Happy Hypo: Der neue Dextrose Drink von Dextro Energy im Test

Mitte Oktober schrieb mir Dextro Energy, ob ich nicht Lust hätte, ihren neuen Dextrose Drink zu testen. Nach über 11 Jahren mit meinem ständigen Begleiter gehöre ich noch zu den wenigen, die nach so langer Zeit mit Diabetes gerne mal zum Traubenzucker greifen, wenn sich eine Hypo bemerkbar macht. Dennoch bin ich froh, wenn ein wenig Abwechslung ins Spiel kommt und habe freudig zugesagt.

Dextro Energy Würfel - verschiedene Sorten

Zum Glück gibts auch schon bei den Traubenzucker-Würfel verschiedene Varianten. Meine Lieblingssorte dort aktuell: Cranberry!
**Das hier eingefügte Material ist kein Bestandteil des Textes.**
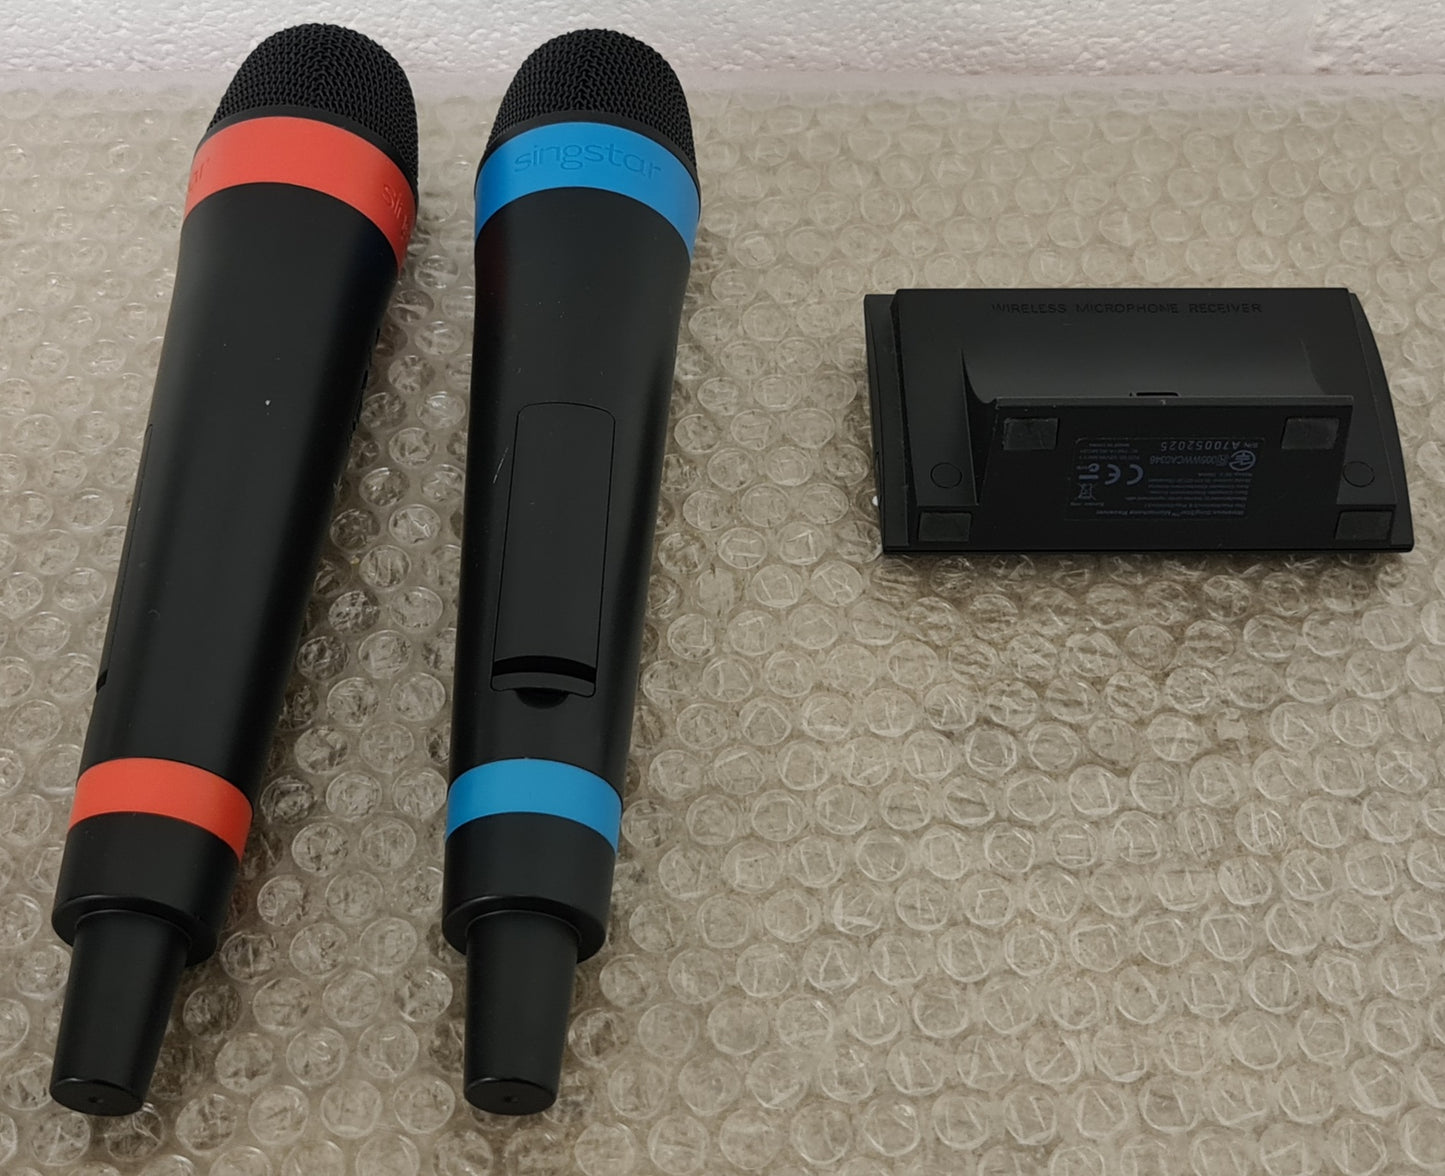 Singstar Wireless Microphones Sony Playstation 3 (PS3) Accessory

Anfang November dann kam ein kleines Päckchen, voll gepackt mit dem neuen Dextrose Drink und weiteren tollen Hypo-Helfern, bei mir an. Jetzt hieß es nur noch abwarten bis die nächsten Hypos kommen, damit ich drauf los testen konnte. Die nächste Hypo kam dann am vergangenen Wochenende während dem Einkaufen. Mit Hypo beim Einkaufen habe ich ja so meine Erfahrung gemacht, diesmal war ich jedoch vorbereitet – dank dem neuen Dextrose Drink.

Der neue Dextrose Drink

Was kann also der neue Dextrose Drink?

  • Er schmeckt nach Apfel – nicht zu süß – und ist somit eine erfrischende Alternative zu anderen Flüssigzucker-Angeboten (die mir persönlich immer viel zu süß sind).
  • Der Dextrose Drink ist klein, handlich und passt gut in jede Tasche.
  • Er lässt sich gut trinken und ist somit für mich auch ein idealer Begleiter beim Sport.
  • Durch den Dreh-Verschluss lässt er sich schneller öffnen, als ein Traubenzucker-Täfelchen.
Der neue Dextrose Drink

Der neue Sofort-Helfer.

Hier ein paar Fakten

  • Speziell für Diabetiker entwickelt
  • Mit 18g schnell wirkende Glukose ist die Hypo schnell bekämpft
  • Lange Haltbarkeit von 24 Monaten
  • Ab Dezember exklusiv in Apotheken erhältlich
  • Kosten: 1,89€ (50ml/AVP)
Dextrose Drink Wirkung

Wirkung des neuen Dextrose Drinks.

Mein Fazit

Ich mag den neuen Dextrose Drink von Dextro Energy. Er lässt sich wirklich gut und vor allem schnell trinken. Wenn man also nur die halbe Portion trinken möchte, dann muss man aufpassen, dass man nicht alles trinkt. Die Füllstandsmarkierung war in dem Fall für mich leider nicht sehr praktisch.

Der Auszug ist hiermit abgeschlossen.